BadgerDB
BadgerDB is an embeddable, persistent and fast key-value (KV) database written in pure Go. It is the underlying database for Dgraph, a fast, distributed graph database. It's meant to be a performant alternative to non-Go-based key-value stores like RocksDB.
Use Discuss Issues for reporting issues about this repository.
Project Status [March 24, 2020]
Badger is stable and is being used to serve data sets worth hundreds of
terabytes. Badger supports concurrent ACID transactions with serializable
snapshot isolation (SSI) guarantees. A Jepsen-style bank test runs nightly for
8h, with --race
flag and ensures the maintenance of transactional guarantees.
Badger has also been tested to work with filesystem level anomalies, to ensure
persistence and consistency. Badger is being used by a number of projects which
includes Dgraph, Jaeger Tracing, UsenetExpress, and many more.
The list of projects using Badger can be found here.
Badger v1.0 was released in Nov 2017, and the latest version that is data-compatible with v1.0 is v1.6.0.

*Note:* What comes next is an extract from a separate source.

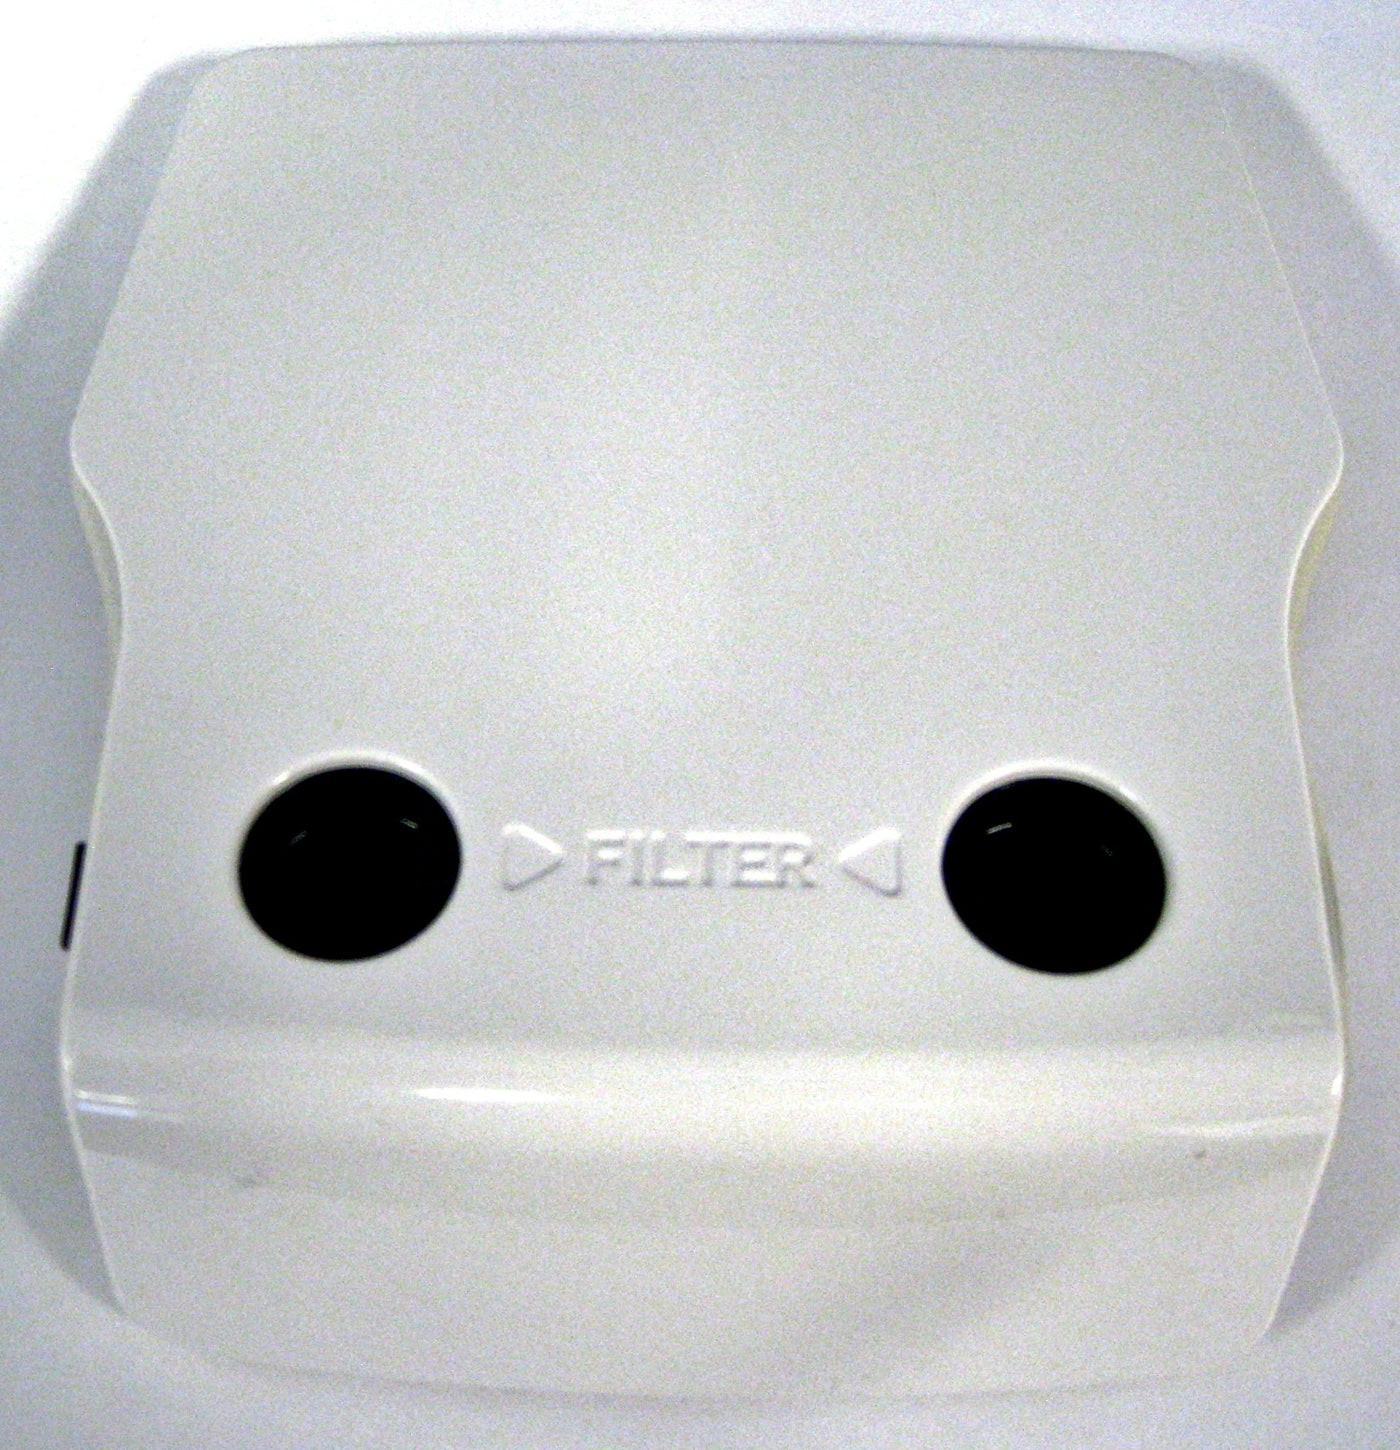 SEBO E3 - Exhaust filter Cover
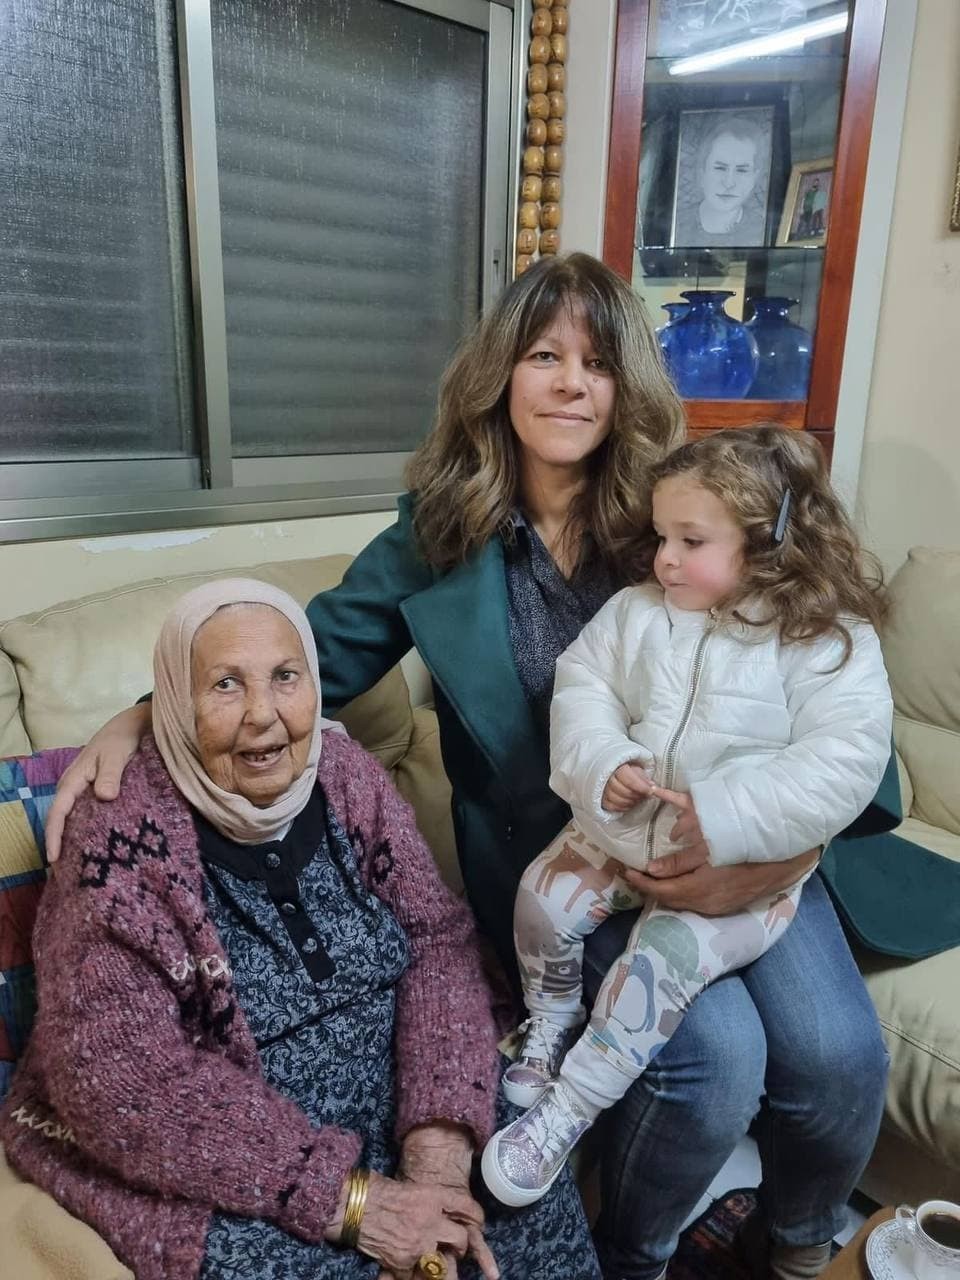 سناء سلامة زوجة الأسير وليد دقة وطفلته ميلاد في زيارة لوالدة الأسير كريم يونس الذي يعانق الحرية بعد عام من الآن بعد قضائه 40 عامًا في سجون الاحتلال.

Badger v2.0 was released in Nov 2019 with a new storage format which won't be compatible with all of the v1.x. Badger v2.0 supports compression, encryption and uses a cache to speed up lookup.
The Changelog is kept fairly up-to-date.
For more details on our version naming schema please read Choosing a version.
Table of Contents
Getting Started
Installing
To start using Badger, install Go 1.12 or above. Badger v2 needs go modules. Run the following command to retrieve the library.
$ go get github.com/dgraph-io/badger/v3
This will retrieve the library.
https://github.com/DataDog/zstd for compression and it requires gcc/cgo. If you wish to use badger without gcc/cgo, you can run CGO_ENABLED=0 go get github.com/dgraph-io/badger/v3
which will download badger without the support for ZSTD compression algorithm.
Note: Badger does not directly use CGO but it relies on Installing Badger Command Line Tool
Download and extract the latest Badger DB release from https://github.com/dgraph-io/badger/releases and then run the following commands.
$ cd badger-<version>/badger
$ go install
This will install the badger command line utility into your $GOBIN path.
Choosing a version
BadgerDB is a pretty special package from the point of view that the most important change we can make to it is not on its API but rather on how data is stored on disk.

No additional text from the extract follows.